Block fields: `image` (default `python:3.12-slim`), `packages`
(`{apt: [...], pip: [...]}`, baked into the image), `paths` (dirs/files copied
into the workspace fresh each run), `files` (inline or `@local`), `setup`
(commands run in the sandbox workspace before the agent; network access needs
`net`), `net` (extra egress domains), `resources` (`{cpu, memory}`).
`avp eval run --env <name>` runs a whole eval inside the same environment (one
workspace shared across cells, one fresh sandbox per cell).

## Outputs

Every `avp eval run` ends with a **voyage id** (e.g. `swift-harbor`) and writes
the eval's data. The CLI produces the data; the site renders it. A benchmark post
is: run the eval → view it → write.

- **the voyage id** — a short, memorable handle for the run, printed when it
  finishes. `avp eval view <id>` opens it on the site; `avp eval list` shows recent
  ids. (Bare `avp eval view` opens the latest, no id needed.)
- **`trajectories.json`** — the whole eval in the `by_commission` shape
  [agentvoyagerproject.com](https://agentvoyagerproject.com) renders (keyed by
  commission, each carrying every run's full AVP trajectory, plus a `commissions`
  block of each one's config). `avp eval view` opens it; or drop it into the site.
  One file per agent when you compare several.

## How it works

`avp eval` drives any conforming AVP agent through the same contract the
conformance harness uses: `<agent> run --commission <file> --out <ndjson>`,
declared in the agent's `avp-conformance.json` — executed inside an OpenSandbox
container built from the env's derived image.
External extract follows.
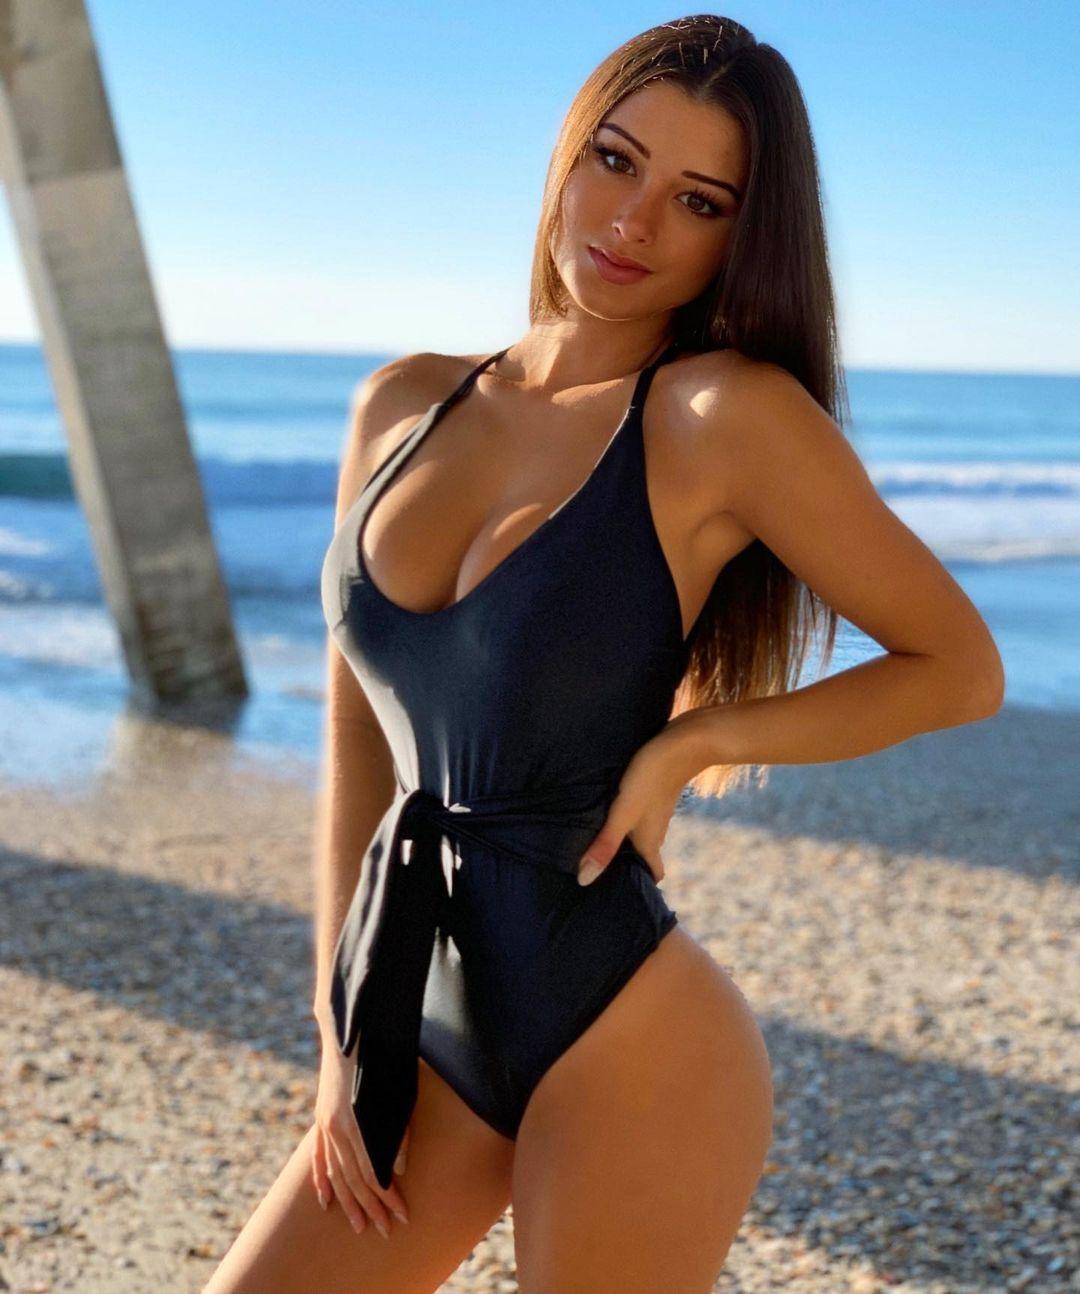 Kang keilah Bikini Model

For each commission/item it
composes a Commission, boots a fresh sandbox (workspace + io dirs
bind-mounted), runs the agent, reduces the trajectory, extracts the final
answer, scores it by the named scorer, and ranks a `Board`.

Layout:

```
src/avp_cli/
  cli.py            # the `avp` umbrella: init / eval / cm / agent / run / env / sandbox
  paths.py          # the ~/.avp asset root (AVP_HOME): commissions/ + runs/ + agents/
  library.py        # the portable commission library (~/.avp/commissions/<id>.json)
  config.py         # load an eval JSON config -> internal engine (the config-not-code seam)
  commission.py     # inspect a Commission a library commission yields (show / validate)
  console.py        # rich Console + stdout(results)/stderr(progress) discipline
  brand.py          # the AVP ship logo + palette for the terminal
  viz.py            # trajectories -> agentvoyagerproject.com payload + view URL (avp eval view)
  osb.py            # the managed OpenSandbox control plane (config, spawn, egress policy)
  images.py         # env + agent recipe -> cached derived image (avp-env:<hash>)
  environment.py    # the env spec (image/packages/paths/files/setup/net/resources) + seeding
  agent.py          # run_agent: the run contract executed inside a sandbox
  agents.py         # agent sources + resolution (installed > dev fallback) + container recipes
  agent_install.py  # `avp agent install`: fetch a release / install local artifacts
  observability.py  # summarize: reduce a trajectory to per-run facts
  onboarding.py     # the WELCOME / agent-routing text
  state.py          # recent-run history under ~/.avp/runs (eval list / view / clear)
  catalog/          # avp init catalog: {eval, commissions} docs (parsebench / demo / custom)
  eval/             # the engine (internal)
    setup.py        #   Setup: one commission (id + Commission template; internal type)
    dataset.py      #   Dataset / Item
    scoring.py      #   scorers + FinalOutput / Score
    engine.py       #   run_eval, extract_final_output, RunResult, Board
    report.py       #   board_table (rich) + dump_json
```

The CLI is its own example: `avp init capitals` scaffolds the bundled
capitals eval and `avp eval run capitals.eval.json` runs it end-to-end
against a real agent. For agent-side integration examples (the drop-in
`AVPClaudeSDKClient`), see `agents/avp-claude-agent-sdk/python/`.